La théorie du genre

La théorie du genre alimente les débats depuis plusieurs mois et s’est également retrouvée au cœur des préoccupations de certains parents. Pour répondre à leurs interrogations légitimes, voici quelques éléments de réponse.



Qu’est-ce que le Genre ou Gender ?

Ce concept, apparu aux Etats-Unis dans les années 60, est issu de recherches autour de la sexualité et des rapports hommes/femmes par des psychologues et des sociologues. Il a ensuite été repris par les mouvements féministes, à partir des années 70. Pour les promoteurs de ce concept, il n’existe pas de réelle correspondance entre le genre (masculin/féminin) et le sexe (homme/femme). L’identité sexuelle ne serait donc pas naturelle mais plutôt le fruit de constructions socioculturelles. A partir de là sont nées, non pas une, mais des théories du genre. C’est la théorie la plus extrémiste, la Queer theory apparue dans les années 90, qui a été la plus présentée en France dans les médias. Elle prône une déconnexion totale du biologique et du culturel afin de renverser la domination masculine et remet en cause toute norme, qu’elle soit de sexe ou de genre.


Qu’en pense l’Apel ?

Certains enseignements tirés des études sur le genre ont constitué des apports positifs, en particulier pour lutter contre des préjugés qui perdurent et lutter contre l’inégalité entre les femmes et les hommes. A l’inverse, les idées extrémistes, parfois véhiculées par les défenseurs de cette théorie, peuvent être déstabilisantes et dangereuses pour des jeunes en construction. Par ailleurs, l’Apel soutient le projet éducatif spécifique des établissements catholiques d’enseignement, fondé sur une conception chrétienne de l’homme, de l’éducation et du sens de la vie. Nous sommes donc attachés à la reconnaissance et à la défense de l’altérité, source d’équilibre et fondement de notre société, qui ne s’oppose pas, bien au contraire, à la recherche d’une plus grande égalité entre les femmes et les hommes.

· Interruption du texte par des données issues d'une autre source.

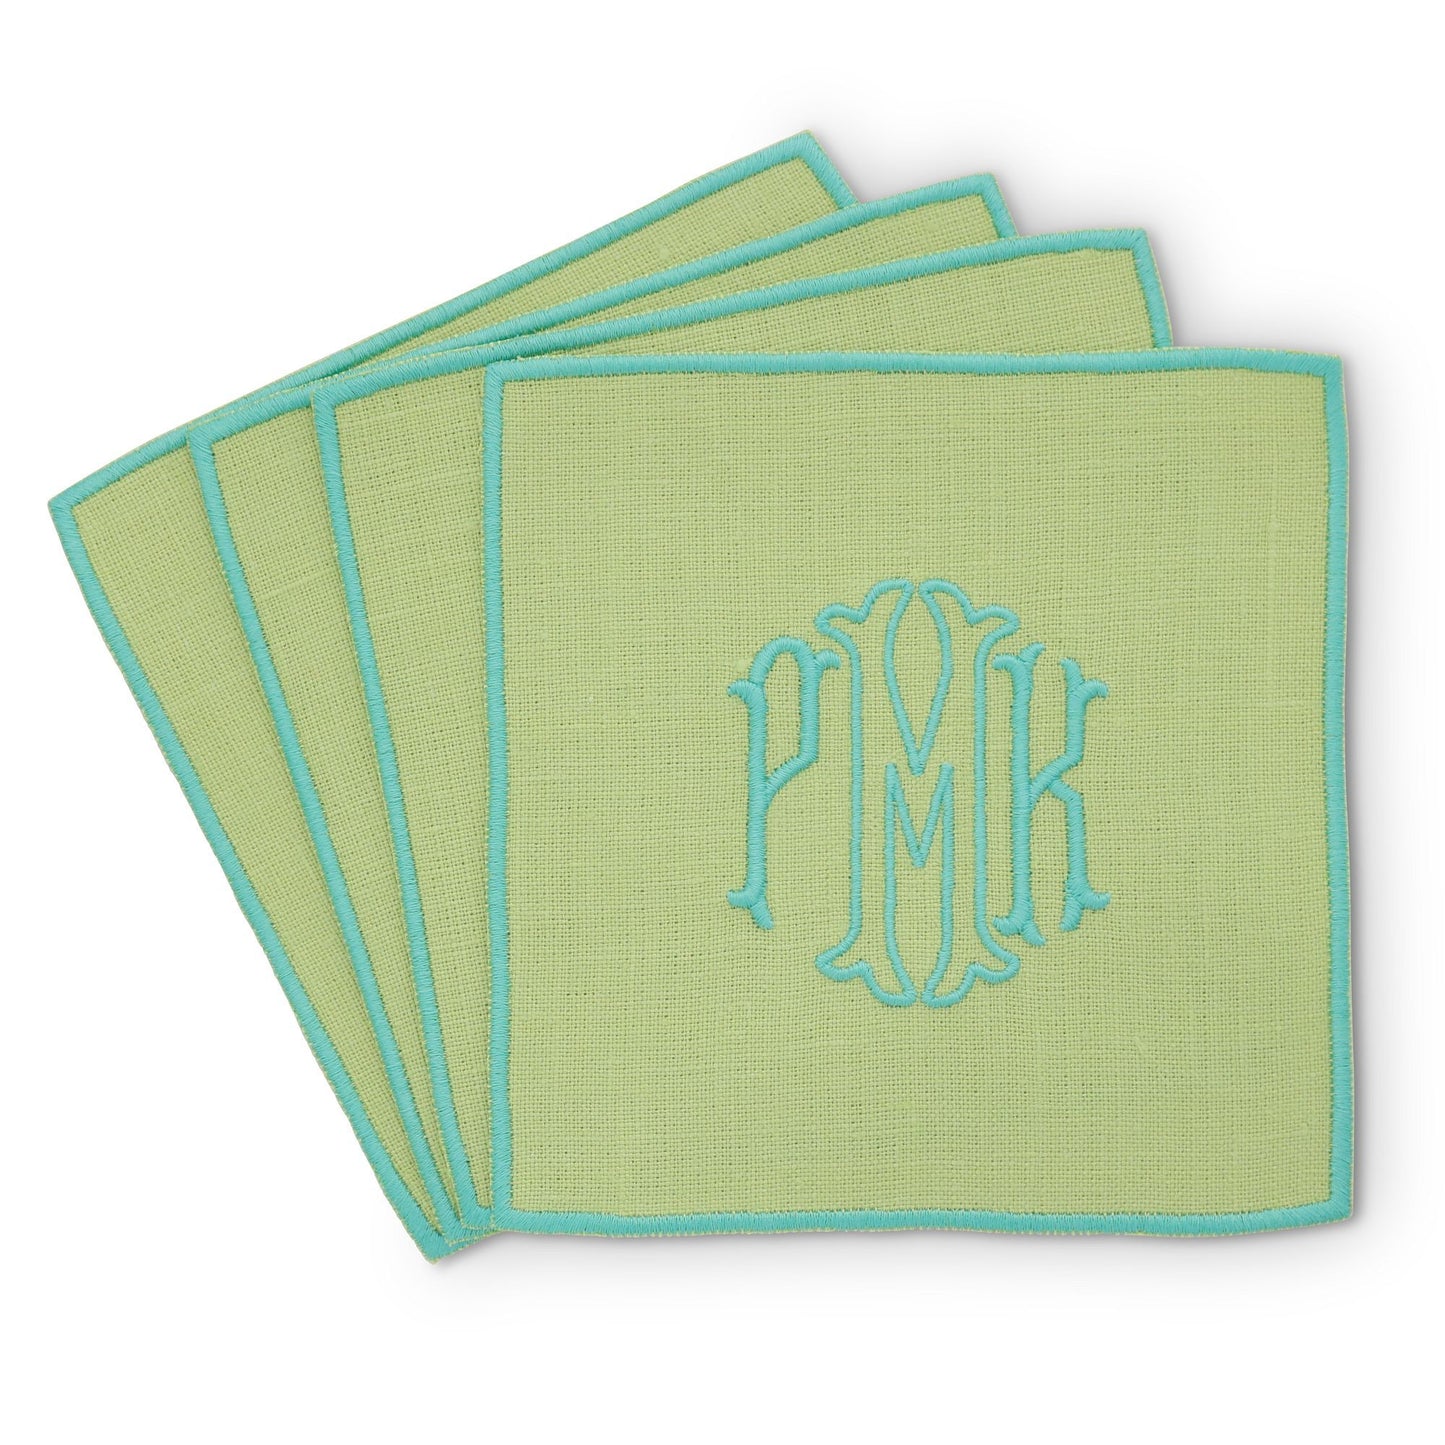 Made to order Turin Linen Cocktail Napkins (set of 4)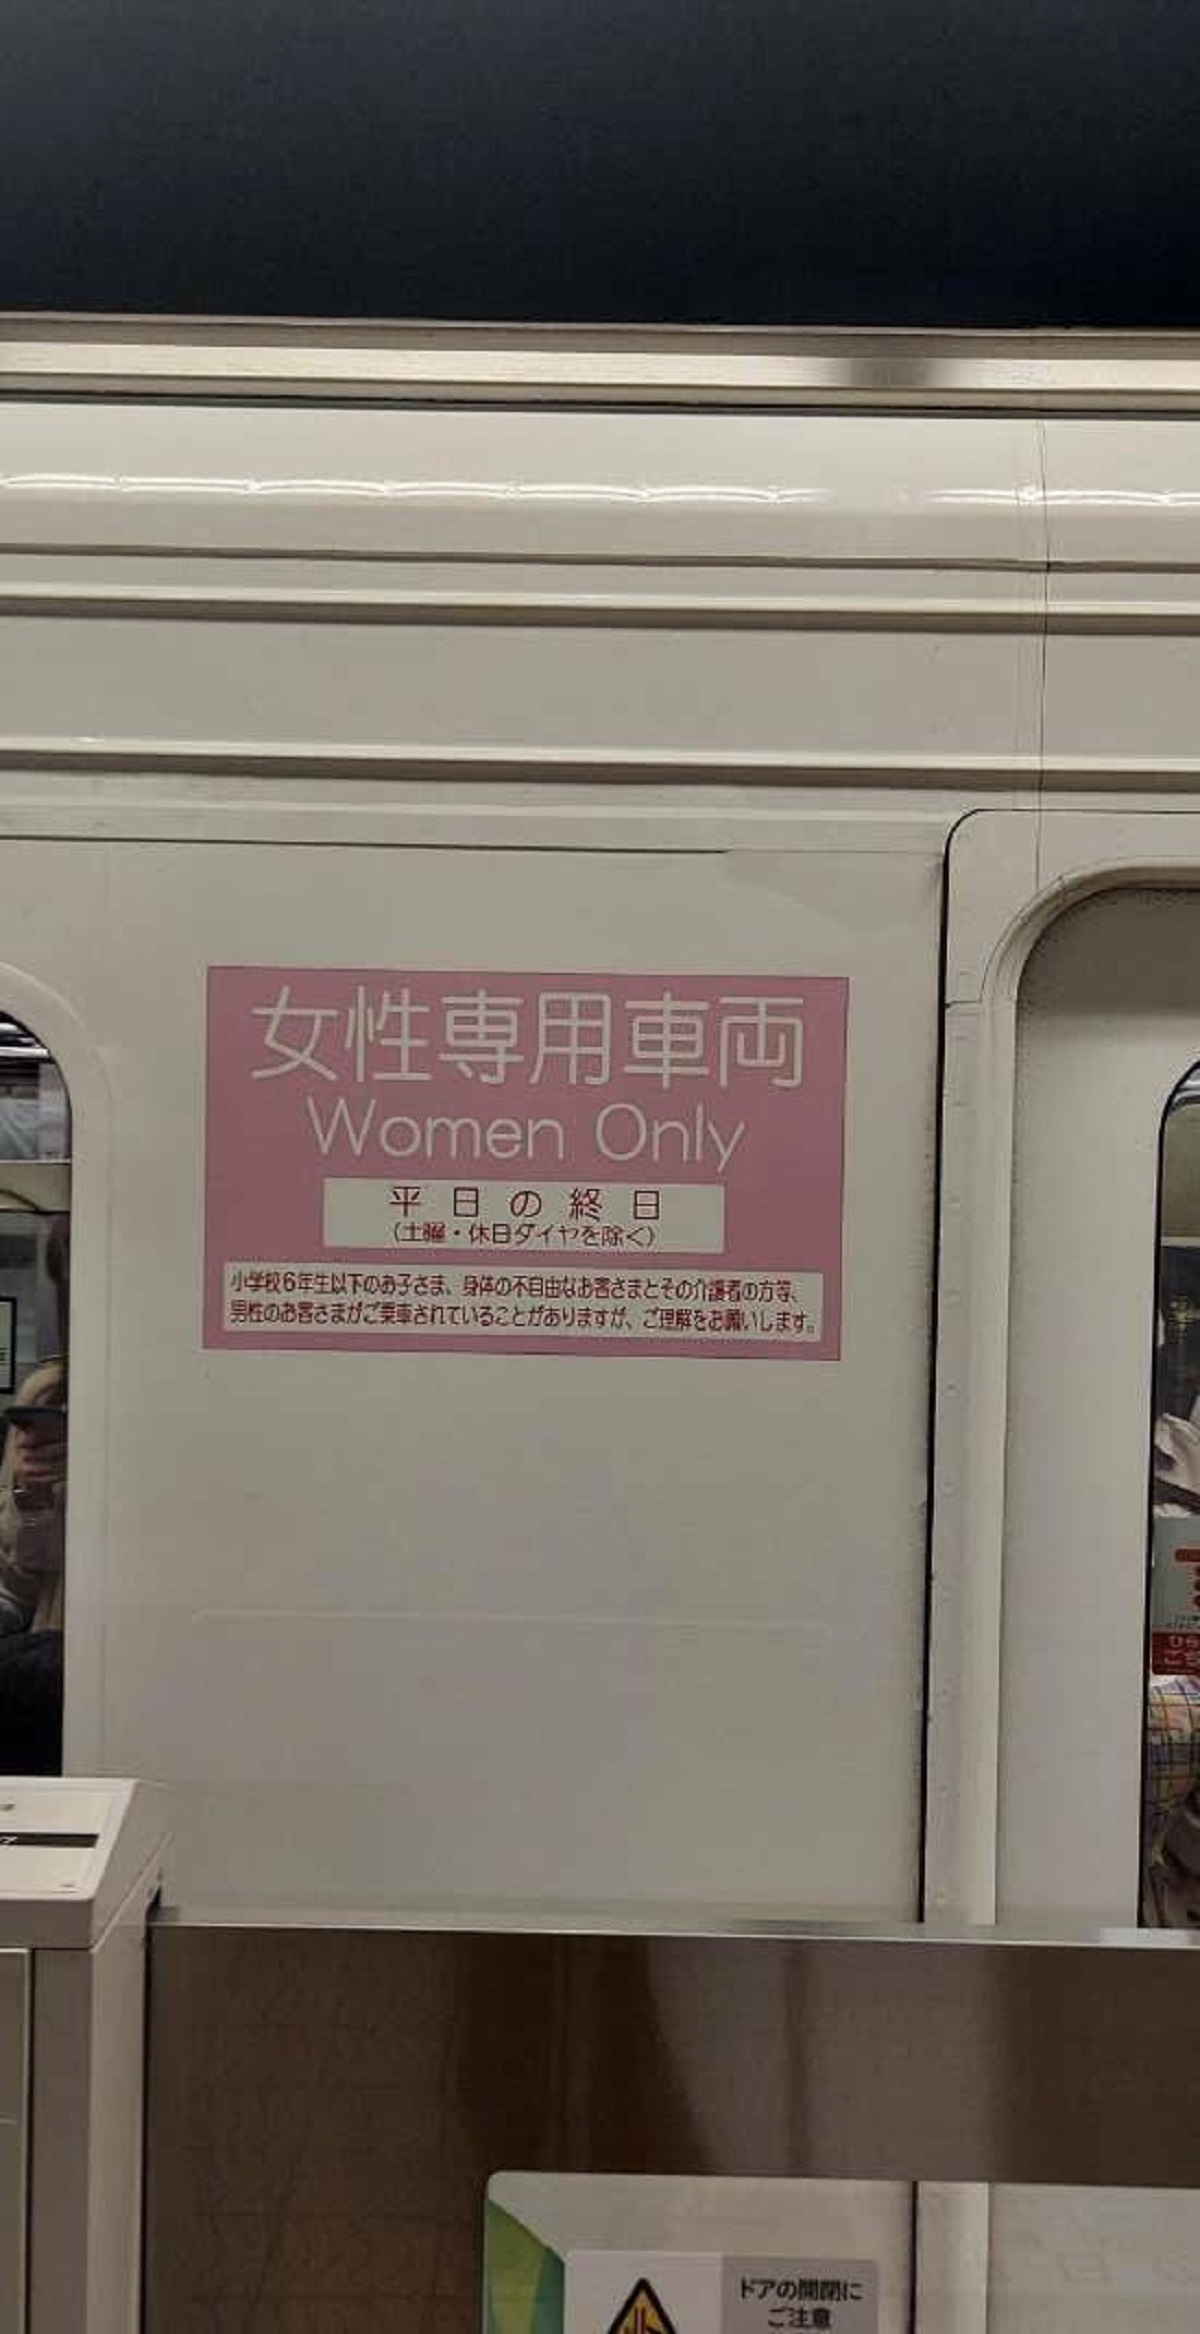 In Japan, there are women-only train cars.

Les actions menées par l’Apel

Au mois de juin dernier, dès l’introduction d’un amendement à ce sujet dans le projet de loi de refondation de l’école, l’Apel a rencontré des parlementaires, le rapporteur du texte de loi au Sénat et des représentants du cabinet du Ministre pour leur faire part de ses interrogations. Elle a également écrit à Vincent Peillon, ministre de l’Education nationale. Après avoir demandé des explications sur le sujet, elle a jugé opportun de demander le retrait de cet amendement pour éviter toute polémique inutile.

Concernant les programmes scolaires, l’Apel souligne que le contenu des nouveaux programmes n’a pas encore été élaboré : leur rédaction s’échelonnera jusqu’en 2017. Quand ils le seront, l’Apel en prendra connaissance et donnera son avis lors des débats qui auront lieu au Conseil supérieur de l’éducation (CSE) dont elle est membre : elle sera donc en mesure de réagir si besoin.